« Or voici: dans la salle Sainte-Hélène, geôle de la psychiatrie, qui précédait immédiatement Sainte-Agathe aux confins du pavillon Sainte-Marie, il y avait une mutique qui restait dans son cabanon. Internée toute jeune, à quinze ans, elle eut la permission de revenir à la maison et prévint que si on la retournait à Saint-Jean-de-Dieu, jamais plus elle ne parlerait. Sa mère l'y retourna: depuis vingt-huit ans, elle n'a pas dit un seul mot. En 1970, en même temps que moi, s'amènent à Longue-Pointe Philippe et Edmée Koechlin, apôtres de la douceur, ennemis de toute contrainte, champions libérateurs. Ils prennent charge de Sainte-Hélène et consacreront une année à ses dix-sept recluses, dont Céline, la mutique, qui les intéresse tout particulièrement. Ils s'insinuent auprès d'elle, tous les moyens sont bons: ils jouent au papa et à la maman psychiatres. Chaque jour Philippe s'assoit auprès d'elle, lui parlant sans la toucher, tandis qu'Edmée lui tient la main. Ces gens saugrenus, ahurissants, aux-quels Céline ne s'attendait pas, venus spécialement pour elle de France, lui expliquant qu'« ils l'aiment comme l'une de leurs filles ». Et ils l'amènent se promener en auto. Comment Céline, après sa longue ténèbre, toute éblouie par la lumière, n'aurait-elle pas parlé? Elle parla, mettant fin à son mutisme de vingt-huit ans qui faisait toute sa grandeur. Elle se rendit compte de sa perte quand ses parents impromptus, tout fiers d'eux-mêmes, rentrèrent en France pour y céllébrer leur exploit dans un livre paru chez Maspero en 1973, Corridors de sécurité. Céline dira de Philippe Koechlin qu'il « avait une maudite face de serpent » et qu'ils étaient tous deux « des voleurs d'âme ».
Ils l'étaient, en effet, puisque sous des prétextes humanitaires ils avaient abusé d'elle pour la dépouiller du prodigieux silence dans lequel, démunie de tout, dans le plus grand désarroi, elle avait investi tout son coeur, toute son âme. C'est par le silence de Céline que j'ai appris ce que Mariette avait à me dire avec ses mots hachés menus sur une plainte trachérale, qu'on lui avait arraché la voix comme une dent avec un davier sanglant. Eût-elle réappris à parler, elle se fut avilie à des futilités, devenant une petite vieille quelconque. Au travers de ses supplices, elle, acquis une irremplaçable grandeur. La voix d'égorgée restait sans remède. Mariette avait atteint une sorte d'absolu devant lequel on n'a plus rien d'autre à faire qu'à s'incliner humblement. »
Jacques Ferron, Extrait de La conférence inachevée, Le pas de Gamelin
sacrément dérangeant. J'ai été lire les premières pages de "corridor..." Je voulais ne pas rester sur ton texte qui condamne poétiquement la démarche des deux médecins. J'ai facilement trouvé "corridor" "Conférence" est pour l'instant moins facile. J'ai l'idée si le temps me le permet lire les deux pour enrichir ma pensée spontanée. Briser un voeu de silence est terrible et impensable dans d'autres environnement. Mais la motivation de ce voeu peut remettre en cause ce que j'ai écrit avant? Ce voeu est maladif ou? et? sublime? Tu as vu dans quel état je fini 2018. Autre question, ma douce se réveillera-t'elle assez tôt pour acheter les huîtres? Je passe cette fin d'année en tête à tête avec celle que j'ai rencontrée. Mon égoïsme me souhaite que du bonheur. Pareil pour toi et à bientôt sur les ondes digitales.

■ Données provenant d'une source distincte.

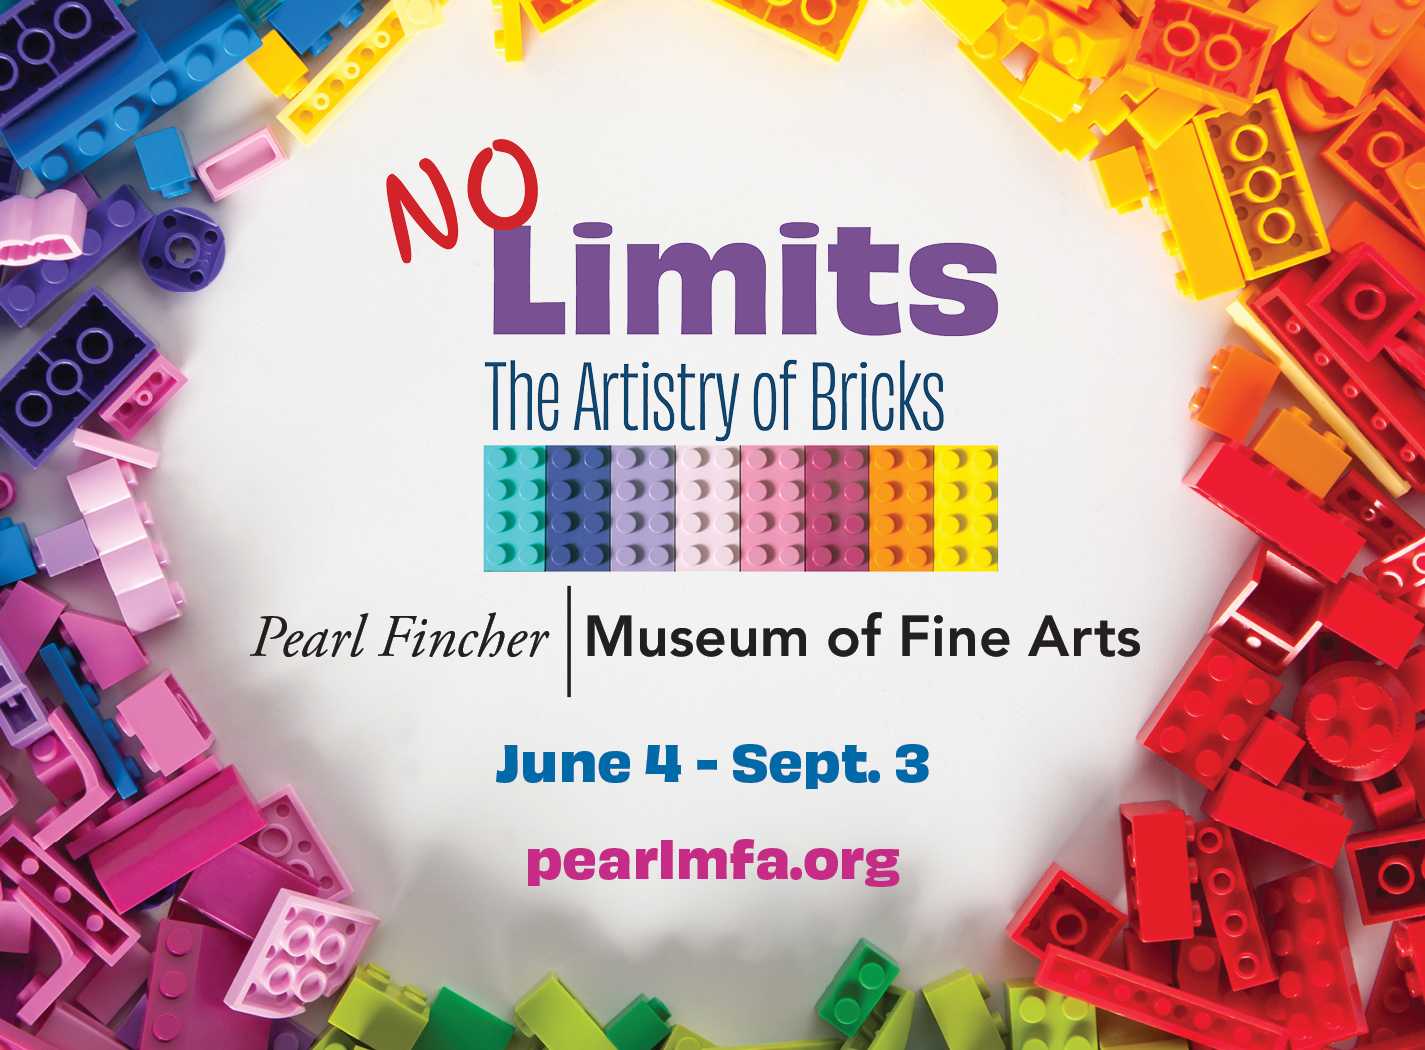 “No Limits: The Artistry of Bricks” at the Pearl Fincher Museum of Fine Arts
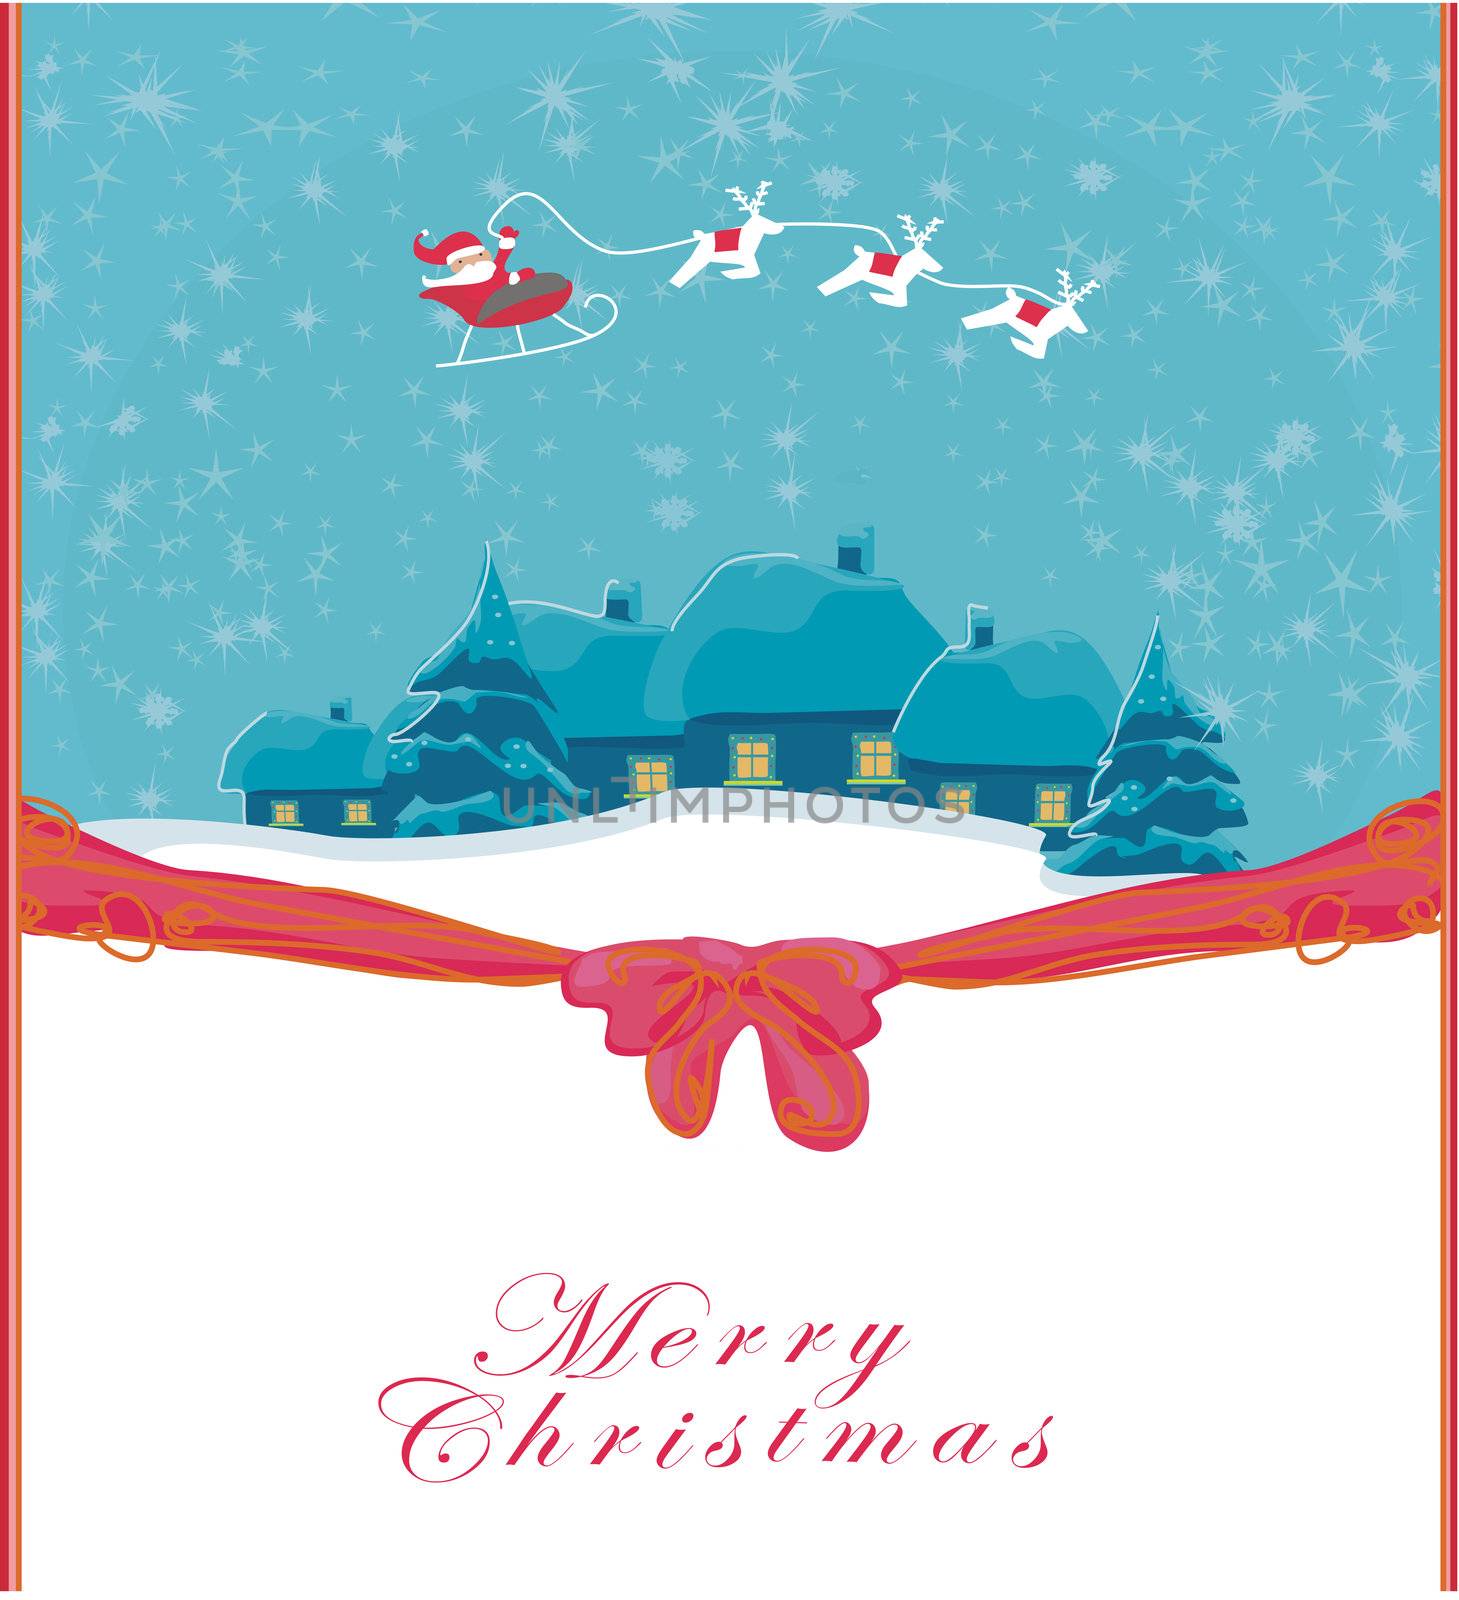 Happy New year card with Santa and winter landscape by JackyBrown

RépondreEffacerParfois ce qui a été fait au nom de la médecine, laisse souvent perplexe. Ferron qui était médecin, s'est beaucoup questionné sur les pratiques de la médecine et de la psychiatrie. Derrière les glorioles de plusieurs, on pourrait relever plusieurs horreurs qui sont passés sous silence. Les avancés se sont faits sur le dos de plusieurs reculs.
EffacerProfites bien des bonheurs qui s'offrent et qu'ils durent pour la prochaine année.